The goal for our Native brand is to help grow sunglass sales in the mountain sport communities. While Costa revolves around the water, Native is being built on the mountain. Native showed solid growth in Q1, as we continue to focus on door growth and on expanding the brand into national accounts. Native increased its overall door account in 2012 by approximately 10%. Importantly, a portion of that growth came with large national accounts, including expanded tests with Bass pro shops, Dick's and Cabela's. Sell-through for the tests went well and Native is being expanded to more doors in these accounts during 2013. Native also has strong retail placement in REI, Gander Mountain, and Academy Sports stores.

On the product side, Native introduced a new lens technology in 2012 called the N3 lens, as well as a new line of technical frames called the Odyssey Series. The N3 is a highly impact resistant lens with excellent clarity, excellent color enhancement, and features industry-leading infrared protection. The Odyssey series with the N3 lens is well accepted by the trade, and consumers. We have added additional frame styles to the series for 2013, and the reception in Q1 was excellent. Native is off to a good start in 2013, and we expect a year of growth from the brand, as we move forward.

Our sunglass business is growing fast in a disciplined way, at a sustainable pace. It is gaining share that utilizes capital efficiency and has many avenues for growth. 2013 has started very well. We are excited about the potential of our Costa and Native brands, and we think investors should be as well.

Our second strategy is to grow scale in the Cross Accessory Division, in order to deliver a better return on capital for the business. The Cross brand declined 6% in the first quarter. However, when you take into account the impact of onetime items, such as the weakening yen, and the lack of the discontinued product order, the trend was down approximately 2%. Within the trend, was the impact of the Office Depot inventory reduction, while the long term impact of its merger with OfficeMax should benefit us, because we have a strong position in these stores. Short-term, Office Depot is reducing inventory, as they prepare to merge.

Importantly, in Q1, business within our European subsidiary market stabilized. After a difficult 2012, it appears that we will see growth in Europe this year. Overall, we expect that as the accessory business moves behind some of these onetime items discussed above, and towards this back half peak, it will begin to build momentum.

We will continue to focus on the growth drivers of this business.
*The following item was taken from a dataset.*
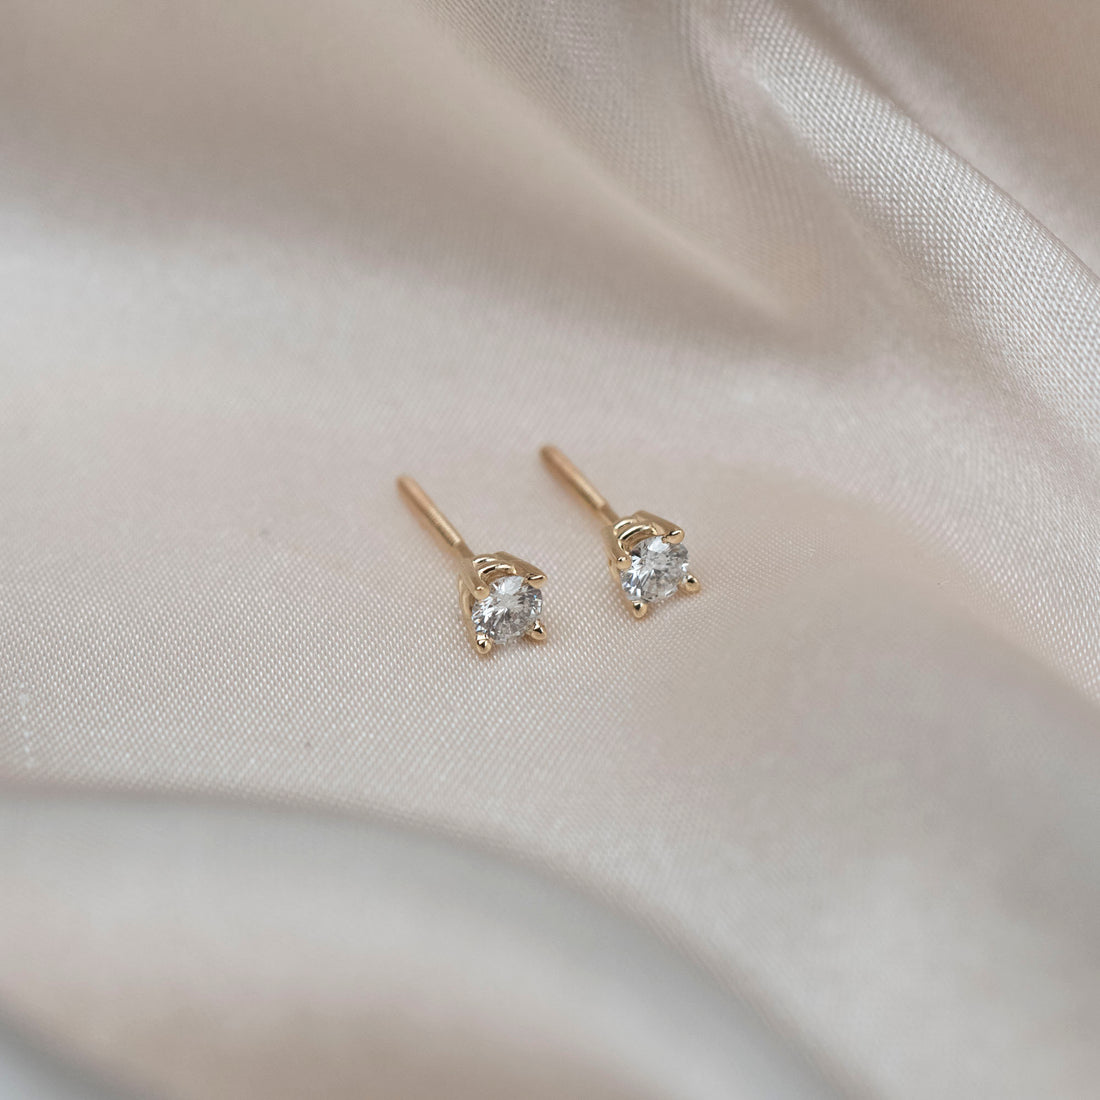 Diamond earrings, plain background on Craiyon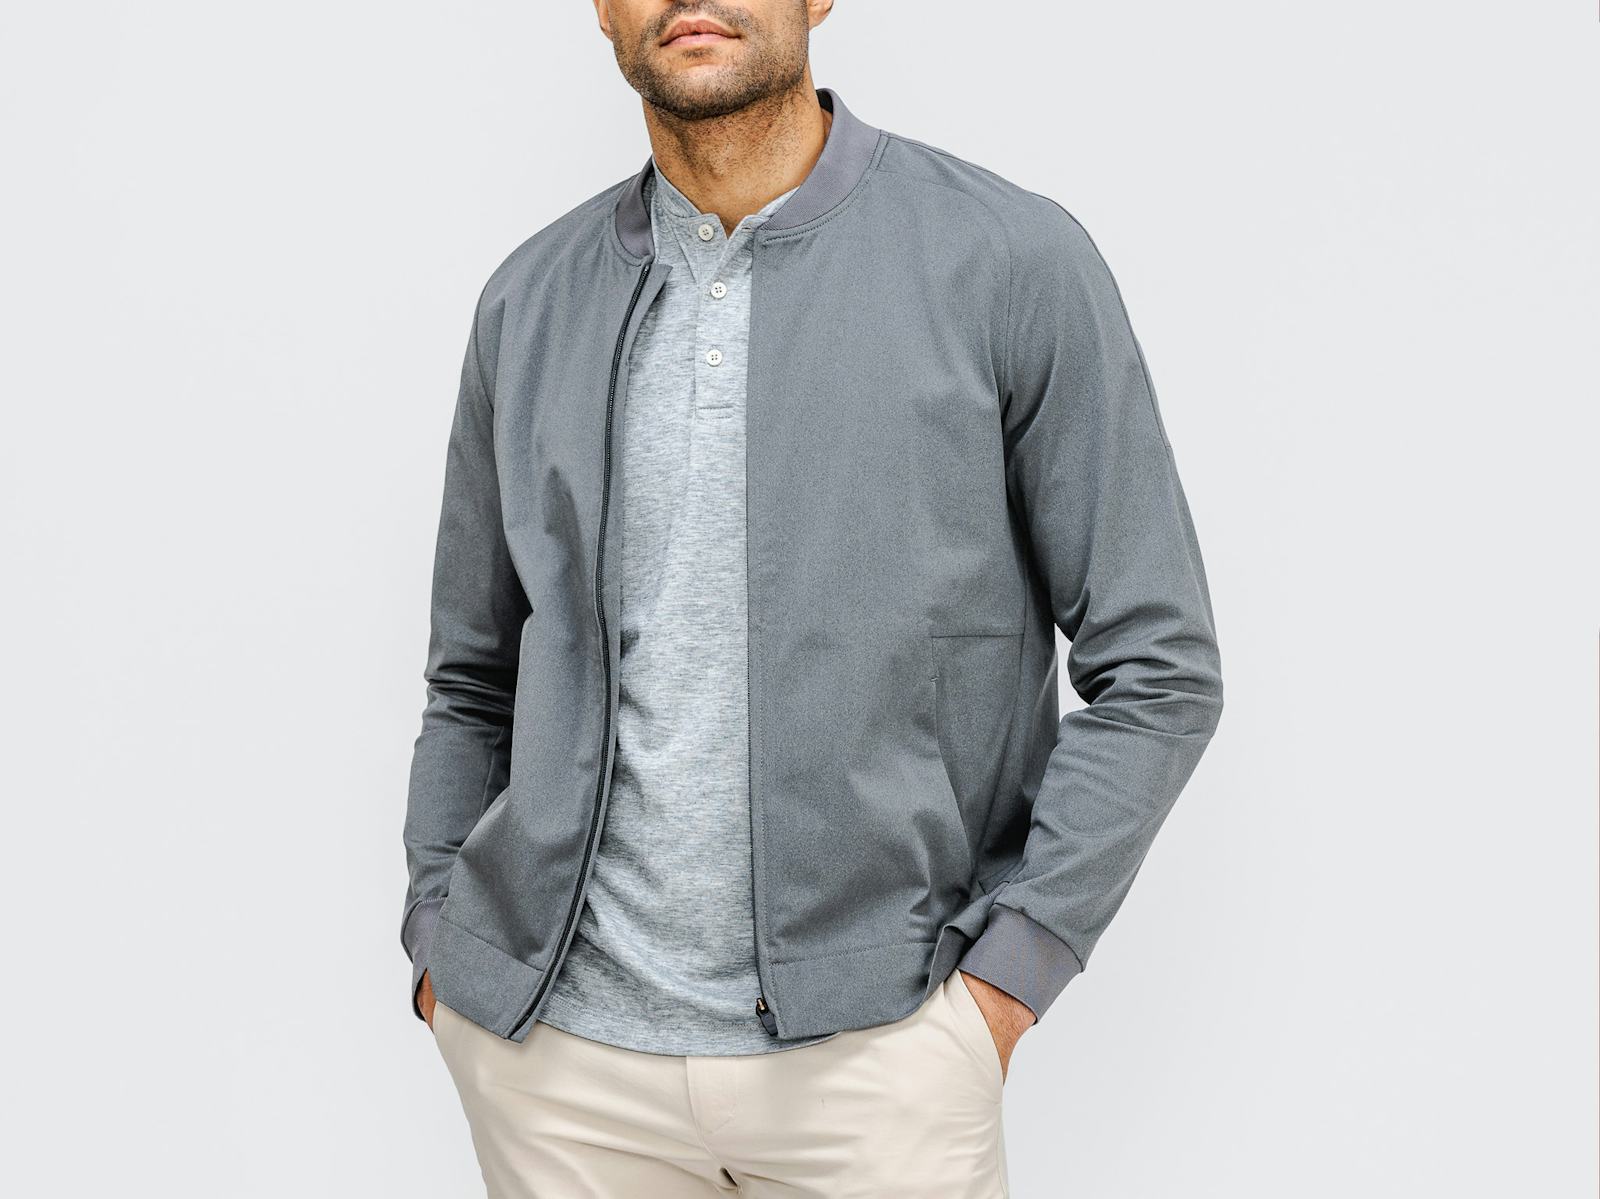 Men's Jackets & Coats: Chore Coats & Outerwear | Ministry of Supply

First, emerging markets; China, Russia, India, Mexico, which grew at a double digit rate in Q1, and should continue that pace throughout 2013. Two, our direct-to-consumer business, cross.com, which grew 10% in 2012, will continue its growth in 2013. In Q1, that business was up 8%. In the last two years, cross.com has grown to represent 4% of Accessory Division revenue, these are higher margin sales, as we capture full margin on products sold through the website.

Third, our continued move into accessories, like reading glasses and stationary products, inspired in part by our Q1 rollout of Cross Readers to over 800 Staples stores, that business will grow nicely in 2013. Sales of Cross Readers grew 22% in the first quarter, and we anticipate that momentum will build, for the Reader product line, as the year progresses.

Fourth, we are going to continue to penetrate the large value segment of the writing instrument market with the FranklinCovey brand. The line generated over $4 million of revenue last year, and we expect it to deliver over $5 million this year. Q1 growth for the FranklinCovey brand was 16%.

Finally, we will accelerate our licensing efforts. In the past, Cross has made efforts to extend the brand to adjacent categories, such as leather goods and time pieces, with product stores from third party suppliers. While the brand was successful, consistent product development proves a challenge. We focus our product offering, while continuing to leverage the brand, we are developing third party licensing arrangements. In 2012, we entered a license agreement with Hong Kong based Solar Time, to develop and sell Cross watches and cufflinks. The program started well, with over $1.5 million of revenue generated. Similarly, in Q1 of 2013, we signed a licensing deal with [Metropolis] Fashion of India, to license the Cross brand for leather goods. Looking forward, we believe that licensing revenue will be a successful, capital efficient and lucrative barrier, in which the Cross brand will compete.

Now I will turn the call over to Kevin.

Kevin F. Mahoney

Thanks Dave. Dave commented much of our first quarter financial performance in his comments, and so I will provide just a few additional details. In the first quarter, our revenue increased 5.9% and our operating income grew by 9.7%. As Dave mentioned, exclusive of costs associated with a strategic review of our Cross division, our operating income grew 20%.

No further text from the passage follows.